Han Sen yeşil pullu canavarı kafesin içine fırlattı ve dikkatlice izledi.
Dört gündür beslenmemiş canavar, ilk yakalandığındaki gibi tamamen canlılığı
geri kazanmış, debeleniyor ve çılgınca kafese vuruyordu.
Han Sen kafesin karşısına oturdu ve yeşil pullu canavarın
hareketlerini izledi. Onun bir tahmini vardı ve haklıysa, kutsal kanlı
yaratıktan daha heyecan verici inanılmaz bir şey elde etmiş olabilirdi.
Fakat Han Sen yanılmaktan korkuyordu bu yüzden arzu ettiği
değişimlerin olmasını umarak endişeyle yeşil pullu canavara bakabiliyordu.
Han Sen gergin bir şekilde dikkatle dik dik baktı ve kaptan kemikten
yapılmış et suyunun kokusunu alana kadar aç olduğunu fark etmedi.
Zamana baktığında neredeyse 24 saat geçtiğini fark etti. Kaptan
yükselen siyah böcek kabuğunu kontrol etti ve altın rengindeki kabuğun
kaynattığı et suyunu altın rengine getirdiğini gördü. Onun kokusu aç genç
adamın ağzını sulandırıyordu.
Bir kase çorba almak için kepçe attığında, Han Sen yeşil pullu
canavarın kefesinin demirini kırdığı duydu. Çabucak döndü ve yeşil pullu
canavarın kafesin demir parmaklıklarını ısırdığını ve kafasını içeriden dışarı
uzattığını gördü.
Açık yeşil pulları tamamen siyah yeşil renge dönmüştü. Dişleri sivrileşmiş
ve dört pençesinin uçları demir kancalar gibi olmuştu. Canavar kafesten çıkmak
üzereydi.
Han Sen hoş bir sürpriz yaptı ve hançeri belinden çıkardı. Kafesin
önüne koştu ve yeşil pullu canavarın alt karnını içine hançeri sapladı.
Hançerin dönüşü ile yeşil pullu canavar mücadele etmeyi bıraktı.
''İlkel yaratık yeşil pullu canavar öldürüldü.
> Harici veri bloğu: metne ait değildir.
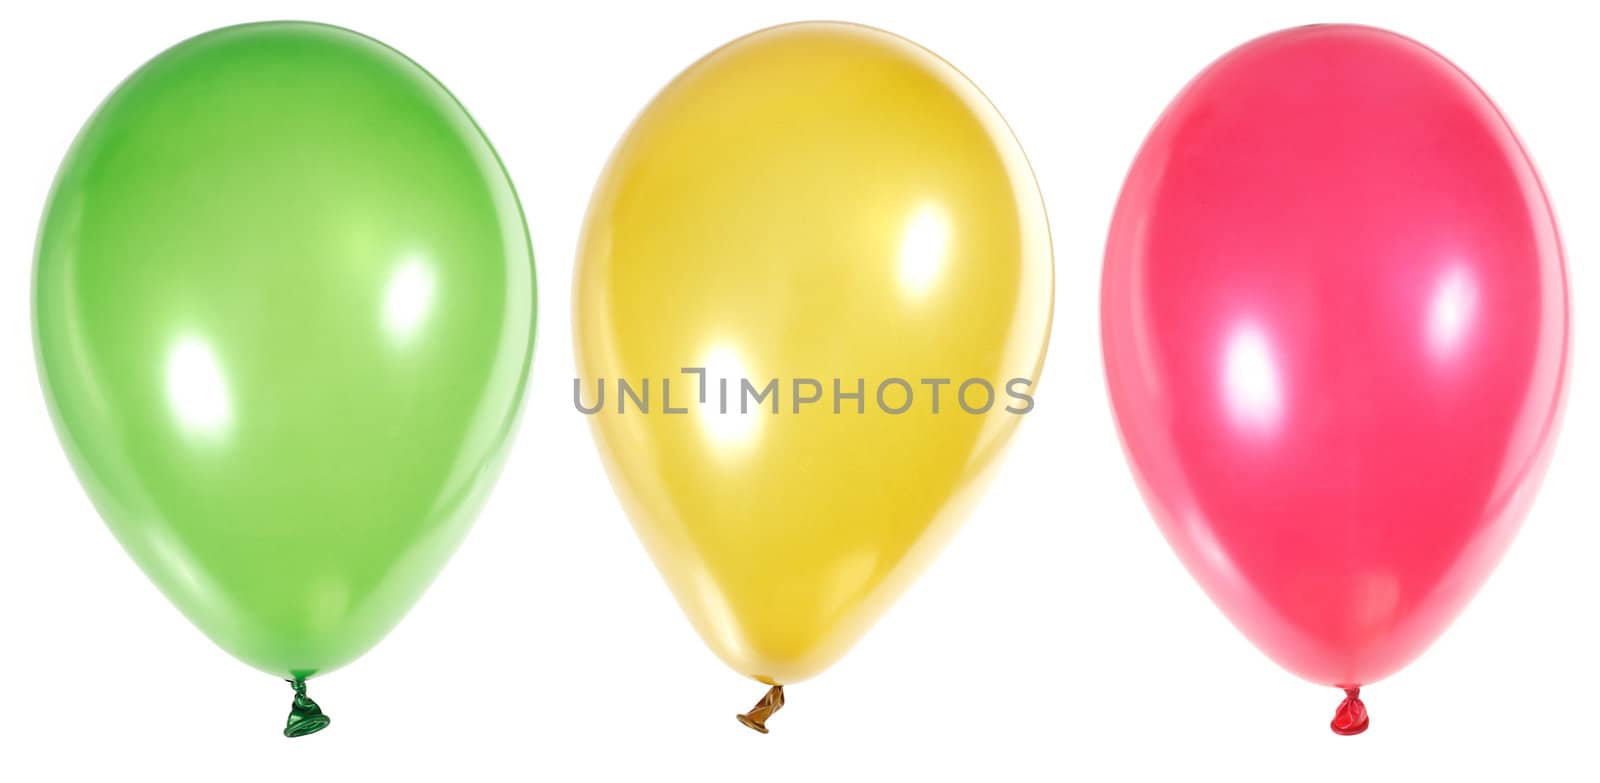 Inflatable balloons photo on the white background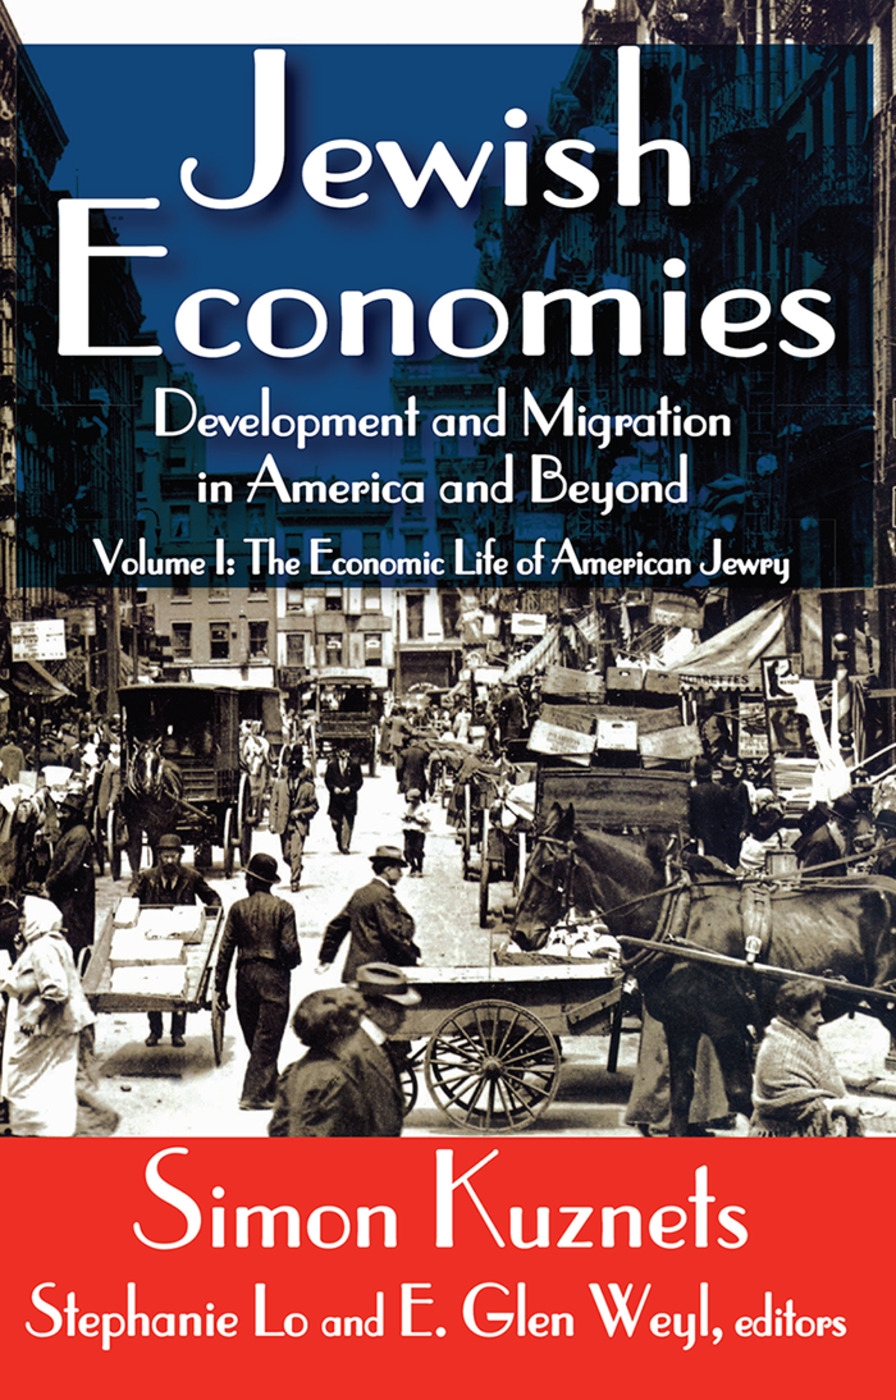 Jewish Economies: Development and Migration in America and Beyond: The Economic Life of American Jewry

Hiçbir canavar ruhu kazanılmadı.
Rastgele sıfır ile on arası rastgele puan kazanmak için ilkel yeşil pullu
canavarın etini ye.''
Garip ses Han Sen'in zihninde duyuldu ve onu afallattı.
''İlkel yeşil pullu canavar...İlkel yaratık...Böylece kristal
gerçekten bu yaratıkları evrimleştirebilir...'' Han Sen neşeye boğulmuştu ve
nasıl tepki vereceğini bilmiyordu.
Uzun bir süre sonra, aniden yeşil pullu canavarın içini hançerle açıp
bir güvercin yumurtası boyutunda bir kristal çıkardı. Üzerindeki kanlara aldırmadan,
kristali iki kez öptü ve onu temizledi, elinde büyük bir hazine gibi bir şey
tutuyordu.
''Kristal siyah böceğin kutsal kanlı bir yaratık olmasının gerçek
sebebiydi...Eğer yeşil pullu canavar evrimleşmeye devam etseydi, bu da kutsal
kanlı bir yaratık olabilir miydi?'' Han Sen bunu düşünmeye kalkışmadı, çünkü o
çok hayret vericiydi.
Kristali tutarken elleri titriyordu o çok heyecanlıydı. Dilini ısırdı
ve gerçekten bir rüya olup olmadığını kanıtlamak için acıdan ağladı.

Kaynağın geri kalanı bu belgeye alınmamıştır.